The COVID-19 pandemic has accelerated deployment of cloud-based projects worldwide and the IBM Corp. Garage is reaping the benefits.
The co-creation and agile development unit within IBM’s Global Business Services organization saw client engagements soar from 300 last January to 1,500 this month even as its workforce pivoted to virtual offices. The unit’s grounding in cloud and virtual collaboration tools help to make the switch with no lost work days and a 40% increase project completion speed, according to Debbie Vavangas, global lead for IBM Garage.
Launched in 2014 as a means to onboard customers to the IBM cloud, Garage has caught fire within the historically buttoned-down company, expanding to 16 locations while the diversifying beyond cloud applications to broader business innovation consulting.
The Garage methodology stresses trendy concepts like design thinking, continuous delivery and integration, DevOps development techniques, problem-solving “war rooms” and the conversational code development technique called ChatOps.
“It’s a framework that brings innovation into the heart of your enterprise,” Vavangas said. “We combine lean startup, continuous improvement, agile development, design thinking and IBM’s suite of capabilities to enable digital transformation faster.”
But practitioners say the approach is more than just following trends. “We measure and quantify everything,” Vavangas said. “I can tell you the cost per sprint for every project.”
A survey by the Forrester Consulting arm of Forrester Research Inc. that IBM Commissioned last year reported that the Garage methodology doubles the number of projects customers release to production and slashes two-thirds of the average time to delivery, with an average return on investment of over 100%.
Culture change
The methodology’s goal is to “fundamentally change the way our clients work and how they can use innovation to drive transformation,” she said. It also blurs the line between the client’s organization and IBM’s. “There is no ‘our view’ and ‘your view,’” Vavangas said in a video interview. “There’s just the view. This is what’s happening.”
The pandemic has accelerated both IBM Garage’s business and its visibility within the parent company as businesses have had to swiftly pivot to e-commerce, remote sales and digital collaboration. “Clients need to invest better and know what they’re getting,” Vavangas said.
Last week Volkswagen AG’s Audi unit in the U.K. reported that a website overhaul conducted in concert with Garage had yielded a 59% increase in online sales inquiries in the U.K. this year despite a 30% decline in car sales. The company said it broke its daily sales inquiry record three times in the month of June alone.
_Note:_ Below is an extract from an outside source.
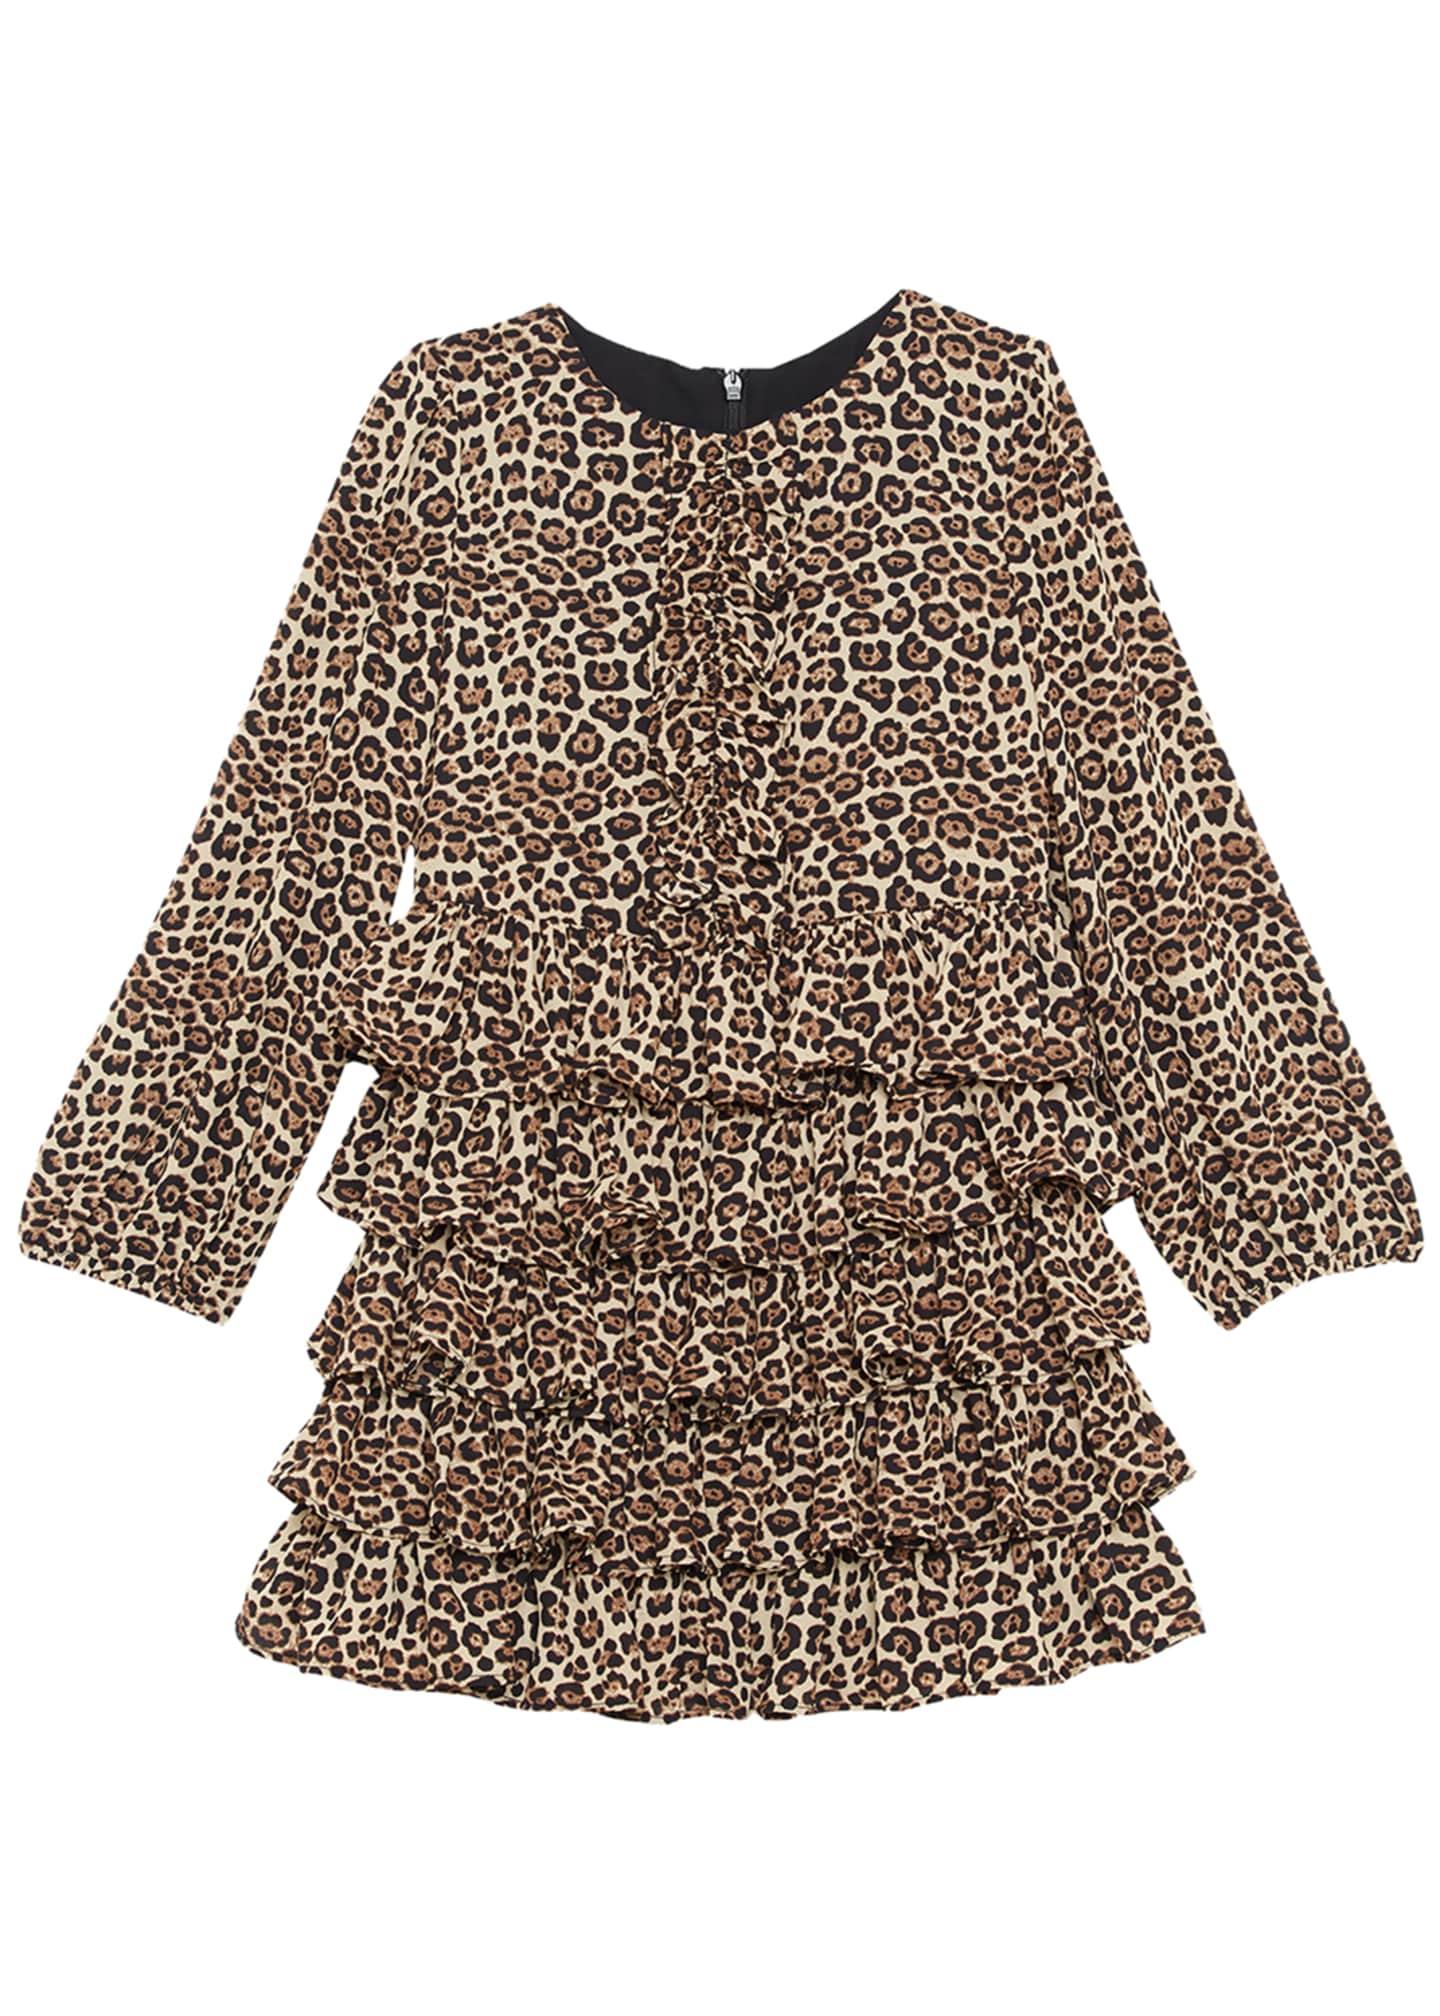 Bardot Junior Girl's Tia Animal-Print Dress, Size 7-18

IBM Garage designers conducted nearly 1,500 hours of user research in helping Frito-Lay Inc. overhaul its e-commerce and logistics systems to enable small businesses that couldn’t previously do business with the supplier directly to place orders and even get customized recommendations. The project has gained the snack giant more than 30,000 active customers. Another co-developed initiative, Sales Hub, streamlines delivery routes and provides drivers and managers with a mobile app to improve visibility into driver performance.
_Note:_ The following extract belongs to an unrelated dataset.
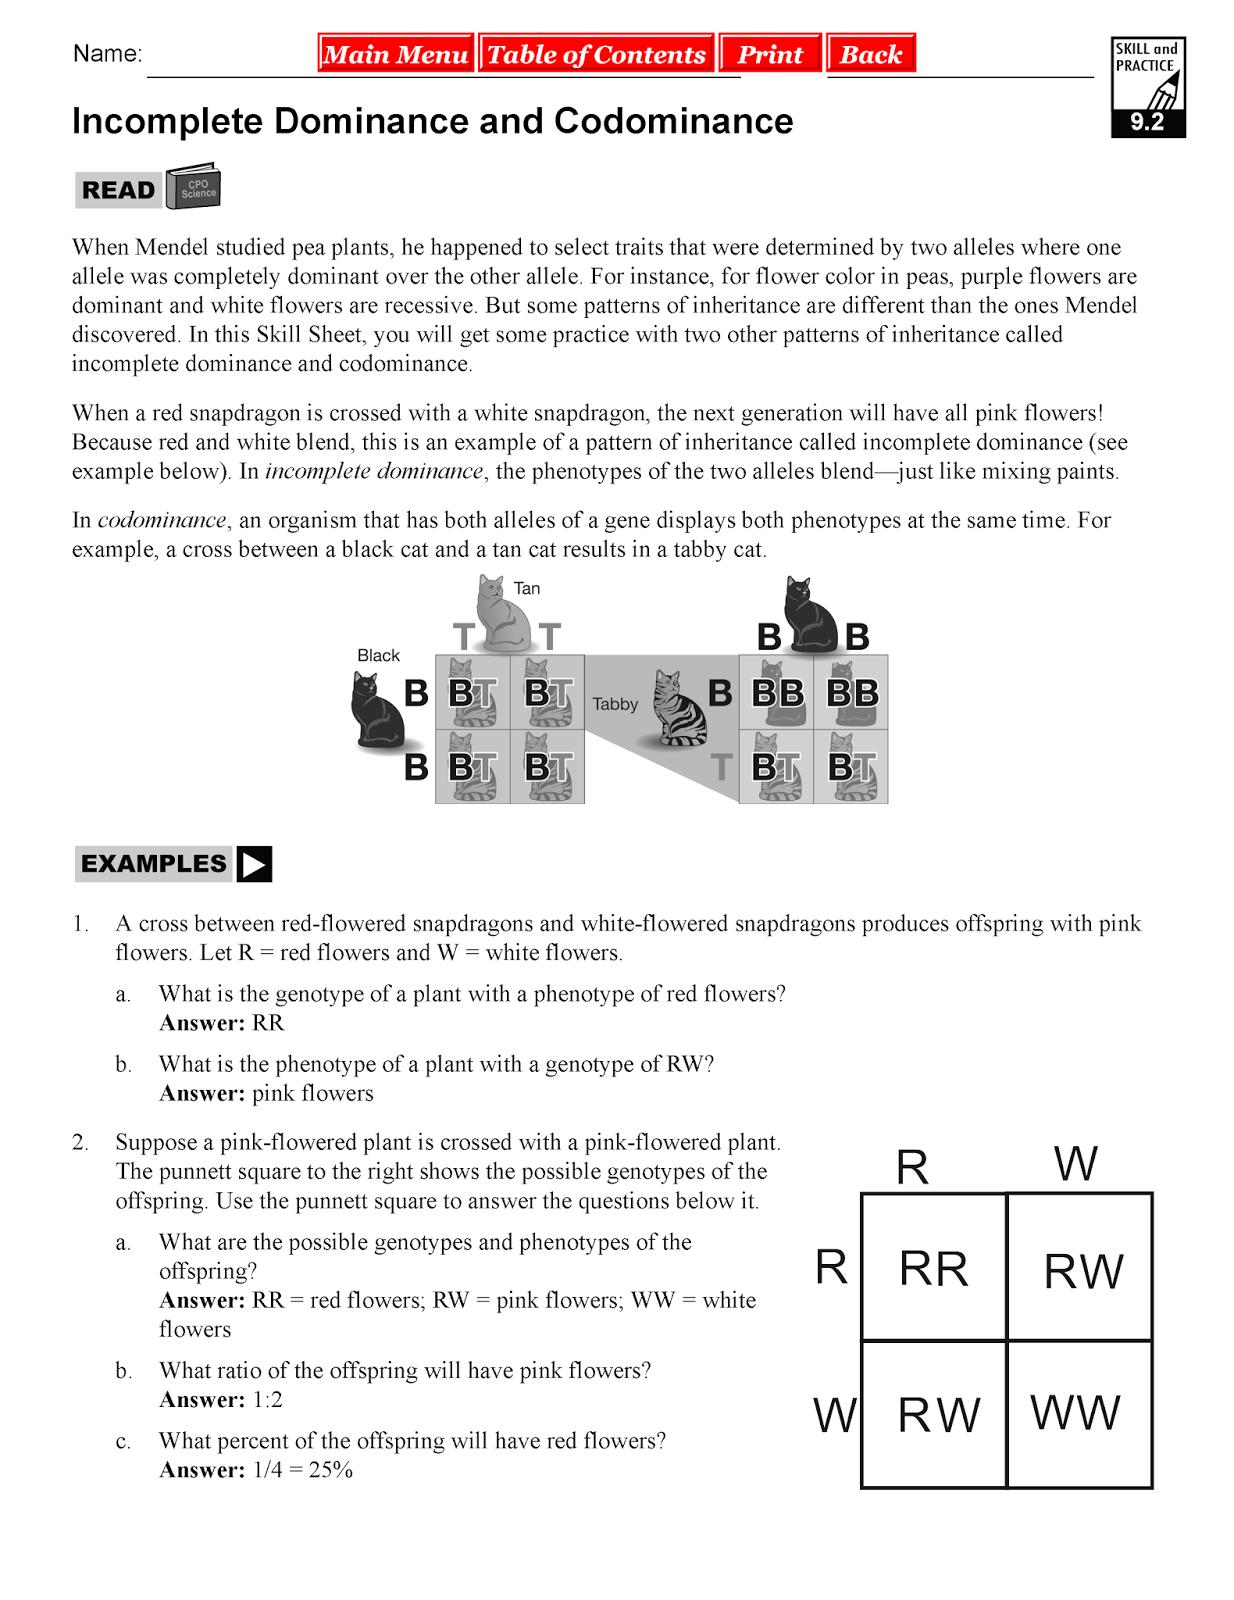 Worksheet Incomplete And Codominance Worksheet Worksheet

Now IBM is in the process of training its entire GBS workforce in the methodology. Some 30,000 IBMers and clients have completed the 17 hours of online education on the agile methodology and all or part of the 45 additional hours of learning modules. “There’s a commitment that Garage will be the primary way people work with IBM,” Vavangas said.
IBM Chief Financial Officer James Kavanaugh said as much during IBM’s recent fourth-quarter earnings call. “Our consulting signings grew 8%, driven by advisory work for application modernization and enabled by our unique and experiential Garage methodology,” he said. “That allows us to co-create with our clients earlier in the sales process.”